Assembled Quality Scores
The assembled quality scores outputted by mothur cannot be used for downstream quality screening. The score calculations are modeled after pandseq’s method. Here’s a link to the explanation from their documentation, https://github.com/neufeld/pandaseq#the-scores-of-the-output-bases-seem-really-low-whats-wrong.
- 1.26.0 - First Introduced
- 1.30.0 - Officially released
- 1.31.2 - Bug Fix: - https://forum.mothur.org/viewtopic.php?f=3&t=2451
- 1.32.0 - Bug Fix: if file option is used with group provided, and one or more files contain less good reads than number of processors, group assignments were incorrect. - https://forum.mothur.org/viewtopic.php?f=4&t=2571&p=7025#p7025
- 1.32.0 - Added findex and rindex parameters. Modified file options to add 4 column option - ffastq rfastq findex rindex. May use NONE as option for findex and rindex. Modified oligos file option to allow none as option for paired barcodes for index files. BARCODE NONE GCTGATGAGCTG Group1 would indicate you have a reverse index file, but no forward index file.
- 1.34.0 - Added checkorient parameter. - https://forum.mothur.org/viewtopic.php?f=3&t=2993.
- 1.36.0 - Bug Fix: when using index files in version 1.35 quality data was over trimmed by the length of the barcode.
- 1.36.0 - allow for missing reads in files.
- 1.36.0 - allow for gzipped version of fastq files as inputs. Mac and Linux only.
- 1.37.0 - Adds rename parameter. #132
- 1.37.0 - Bug Fix: File mismatch error with certain sequence name formats and multiple processors. Three column format gz file not producing group file.
- 1.37.0 - Bug Fix: Fixes name mismatch error for rare names and gives a slight speed boost. #167
- 1.38.0 - Removes indexFile requirement for using NONE option in oligos file.
- 1.38.0 - Skips blanks files and continues.
- 1.38.1 - Fixes filename expansion issue. https://forum.mothur.org/viewtopic.php?f=3&t=5869&p=14857#p14857
- 1.39.0 - Fixes bug where mothur was not finding matches for sequence names “off by one character” in the name.
- 1.40.0 - Rewrite of threaded code.

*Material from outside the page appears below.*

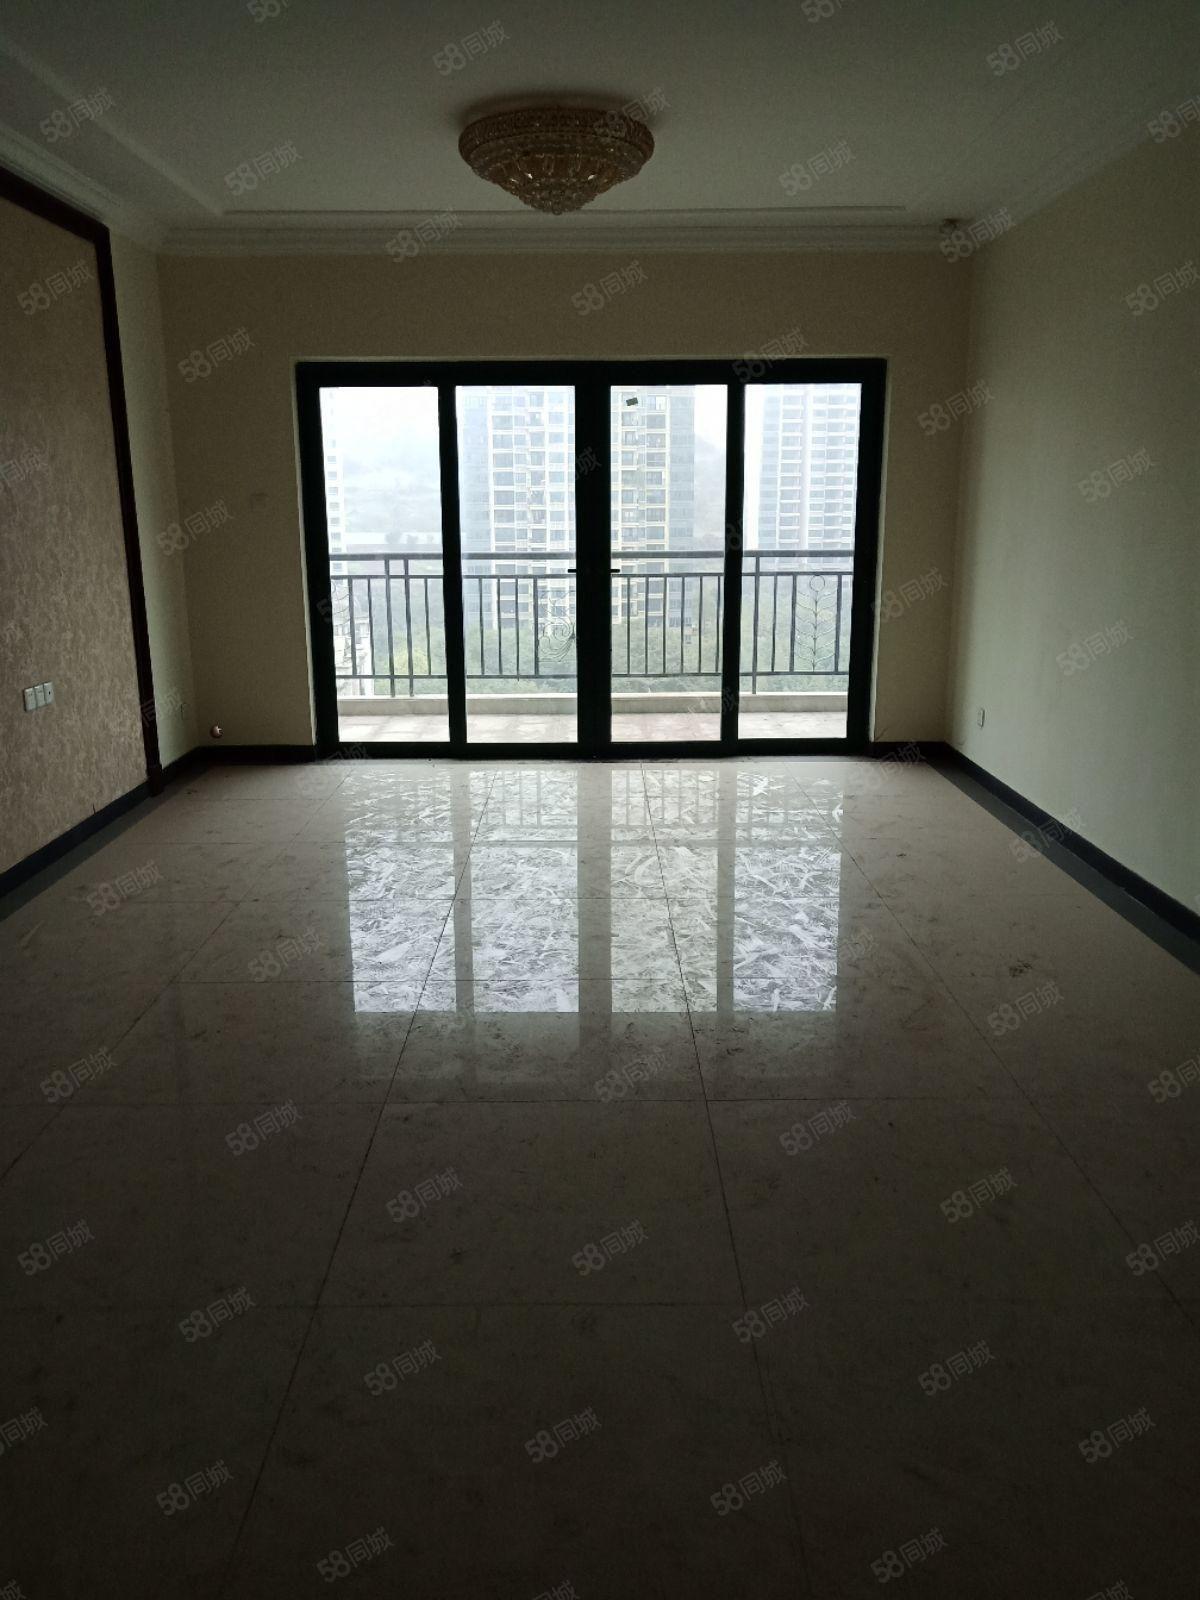 恒大山水城精装4房2厅2卫仅售5300一平先到先得

Default processors=Autodetect number of available processors and use all available.
- 1.40.2 - Fixes *contigs.report file append issue that resulted in reads missing from report.
- 1.40.5 - Fixes gz file read issues. #471
- 1.40.5 - Change to quality score calculation. #468
- 1.41.0 - Updates boost version to 1.68.0.
- 1.41.0 - Fixes group file issue with *.gz files. #480
- 1.41.0 - Fixes group names appending issue. https://forum.mothur.org/t/make-contigs-with-oligo-creating-new-names/3542
- 1.43.0 - Adds qfile option to make.contigs. #650
- 1.43.0 - Adds auto decompress feature to make.contigs if gz read fails. #634
- 1.43.0 - Windows users can now run make.contigs with *.gz files.
- 1.44.0 - Improves mothur’s checkorient option in make.contigs. Also sets checkorient=t by default.
- 1.45.0 Fixes bug with qfile option in make.contigs. #745
- 1.45.0 Fixes bug with make.contigs not making group file for *.gz files with oligos file. #753
- 1.45.0 Fixes make.contigs segfault.